Early accounts indicate that mobility was an important bison response to human hunters. Both Native-American and Euro-American hunters used caution not to disturb bison herds until a full contingent of hunters could be brought up for a “surround”. Otherwise, the bison were expected to escape over a long distance.

Clearly, human hunting has been a dominant factor in the evolution of modern bison. Thus, there is no basis for considering hunting as “unnatural” for the species. Yet the culling effects of modern hunting may weaken or replace all other forms of natural selection. This threat is exacerbated in today’s bison herds for which intensive management (artificial selection) and small-population effects also weaken and replace natural selection. Excessive levels of hunting, or of any human-applied culling, can impel bison herds away from wildness toward domestication, especially in small herds. (See also the biological definition of wildness on this website.)

Given the above, how do we judiciously apply hunting to bison herds for which maintaining wildness is a goal? Because bison herds vary greatly in size, environments and management objectives, only general principals are offered here.

  1. Allowing for a natural array of mortality will be controversial, but hunting should not be the only form of mortality in a wild bison herd. There is a misguided tendency to consider all other forms of mortality as “a waste of bison.” In the long term, wild predators, winter mortality, diseases and competition play important roles, through natural selection, in maintaining valuable characteristics and gene-based resiliency of wild bison herds.
  2. Use of hunting to stabilize herd size can be excessive. Substantial variation in bison herd size is desirable to allow for periodic differences in natural selection that occur between small and large ecological densities of bison. In the pre-history of bison, human hunting was common, but population stability was not.
  3. Hunting should not alter herd sex ratios far from 50:50. The natural-selection value of abundant bull competition should be retained.
  4. Directing hunter harvests to the younger and oldest bison will minimize effects of hunting in weakening and replacing natural selection. In contrast, harvesting middle-aged bison will emphasize removal of animals that have already faced selection and demonstrated superiority through their juvenile years, but before (especially for males) their full reproductive potential is realized. Wildness is enhanced when most human harvest consists of yearlings and the eldest bison.

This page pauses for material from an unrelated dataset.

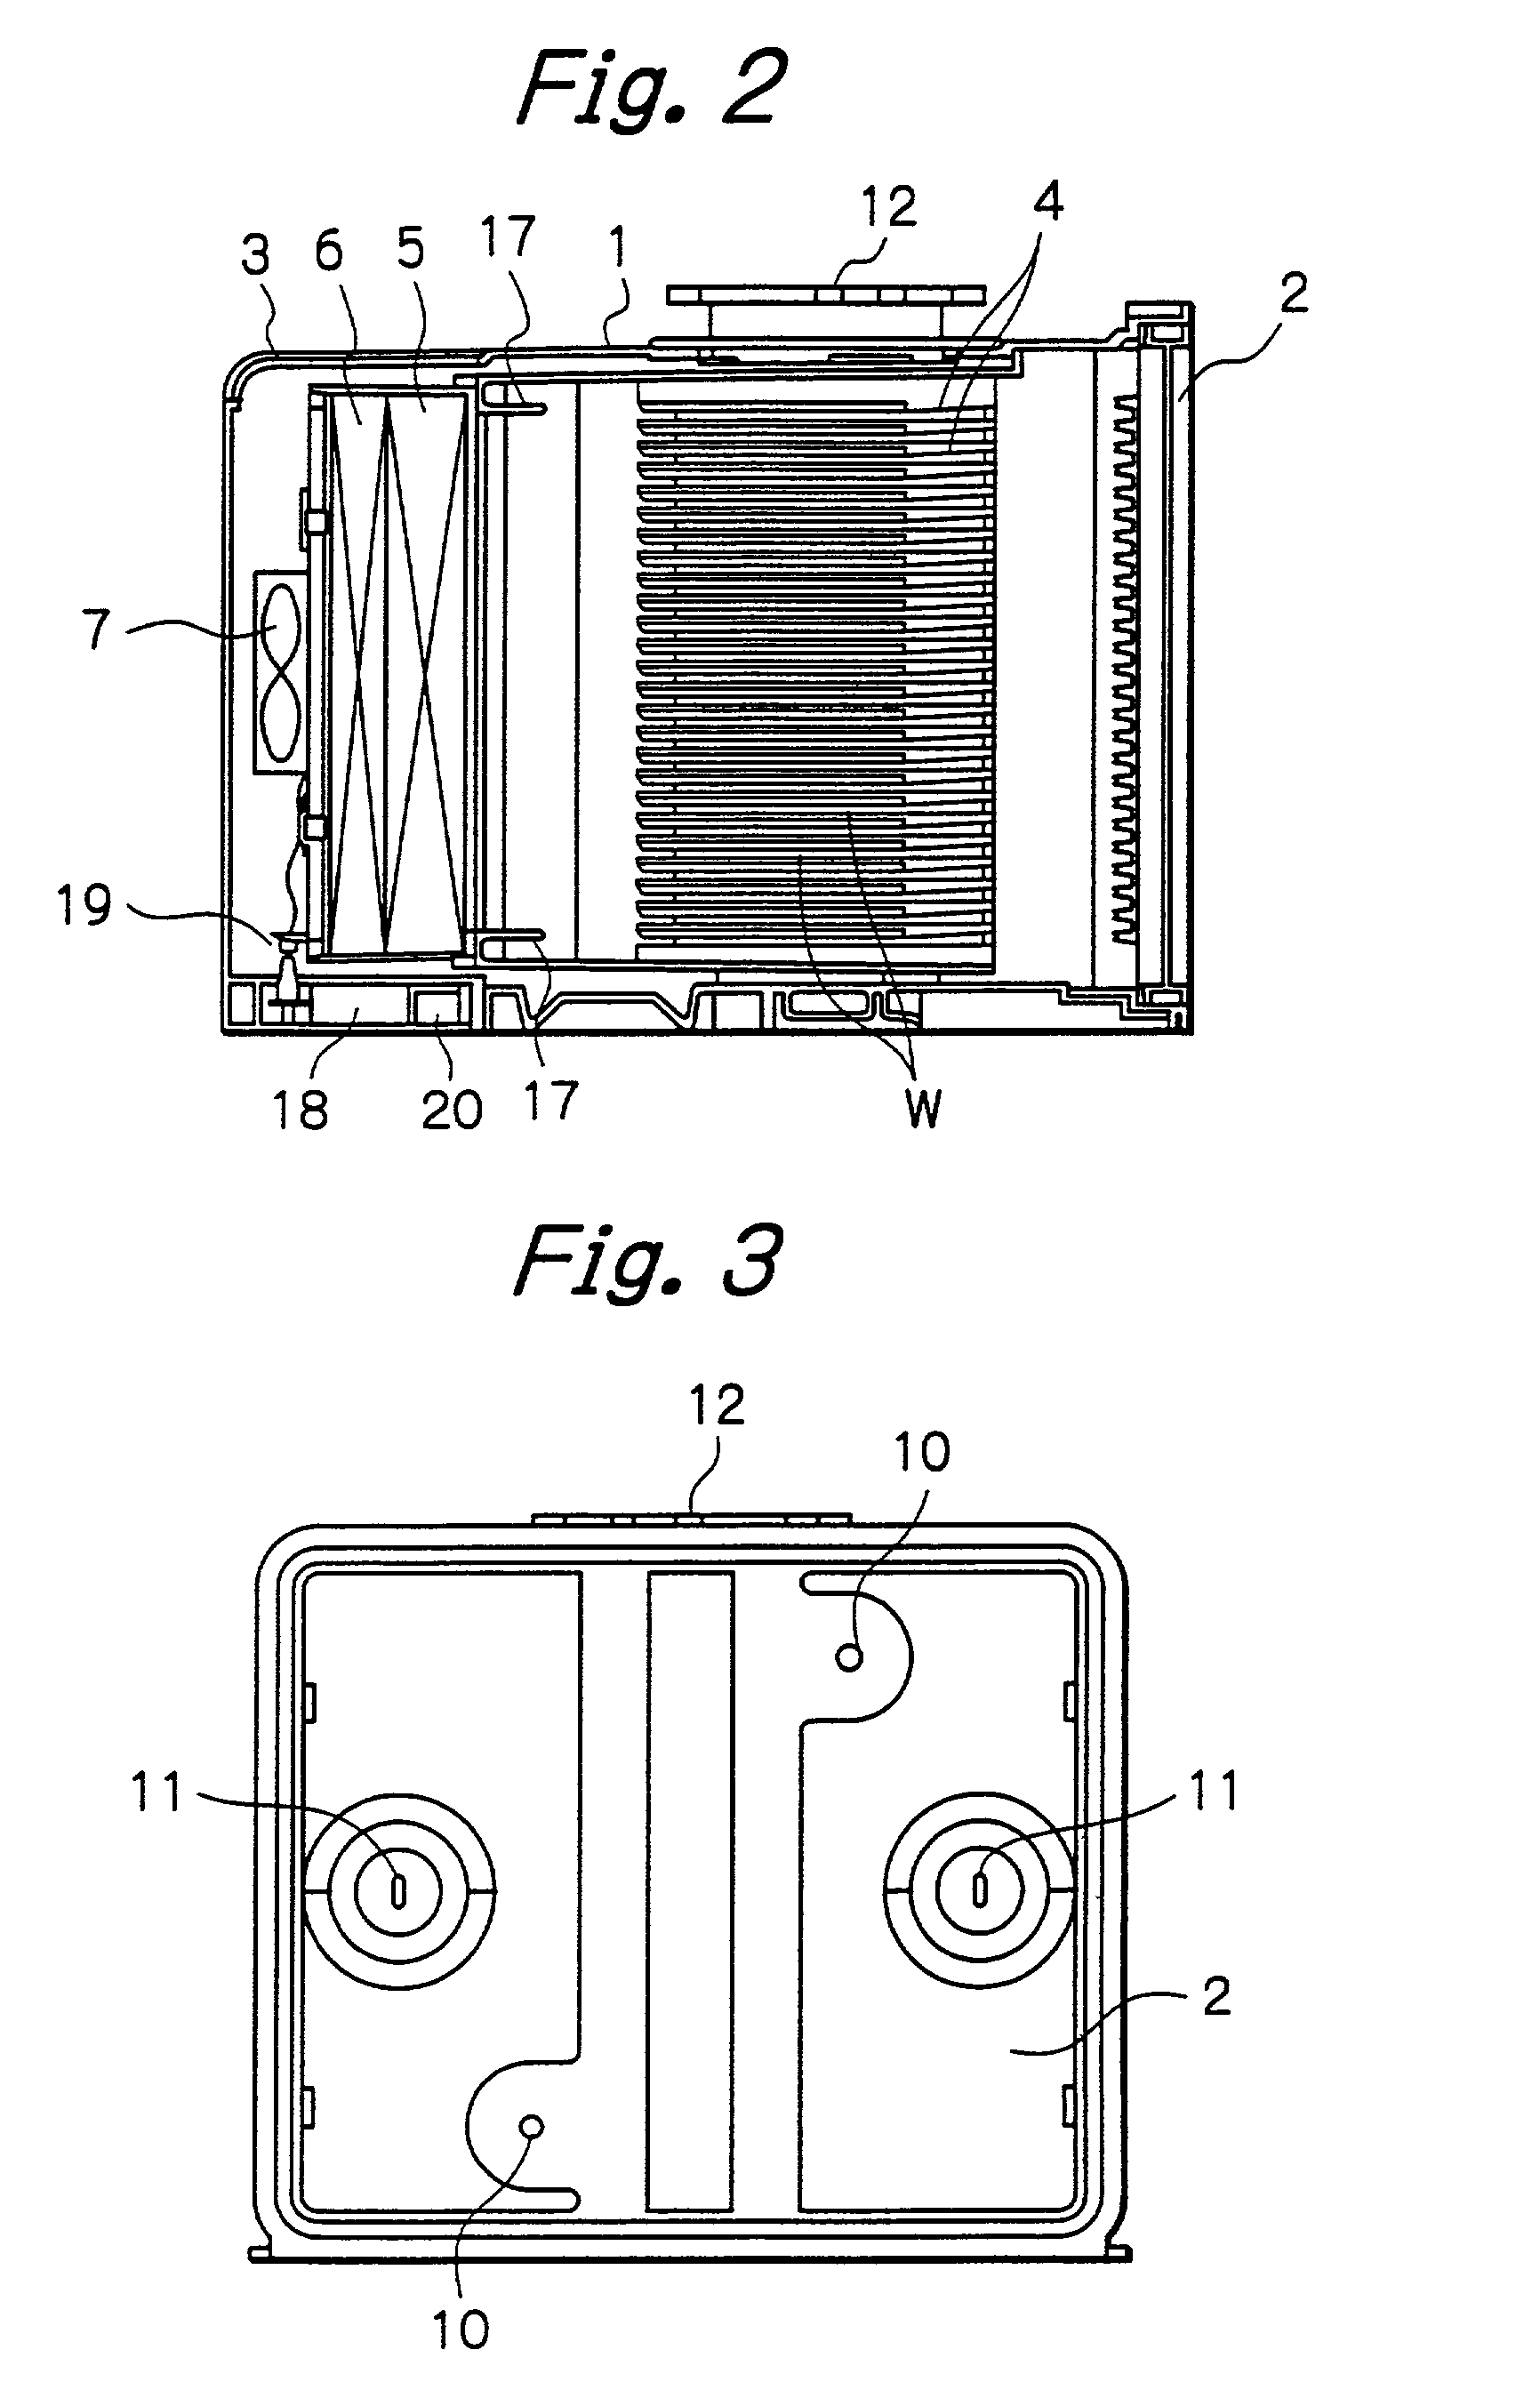 Substrate transport container

It is desirable to retain hunting as a form of natural selection on any bison herd for which maintaining wildness is a goal. But attempts to use harvest as a tool for maximizing bison production, by controlling herd size and sex-age composition, is an application of livestock management – jeopardizing wild characteristics and leading to domestication.

For purposes of wildness, it is desirable that some bison succumb to types of natural selection other than hunting. This will be easiest to achieve if the herd is large, permitting considerable human harvest as well as other forms of mortality. By contrast, with a small bison herd, negative genetic effects of small population size (inbreeding and genetic drift) would augment the artificial components of human harvest in weakening and replacing all other forms of natural selection.

 

Bailey, J. A. 2013. American Plains Bison: Rewilding an Icon. Sweetgrass Books, Helena, MT. 238 pp,

_____. 2016. Historic distribution and abundance of bison in the Rocky Mountains of the United States. Intermountain Journal of Sciences 22:36 – 53.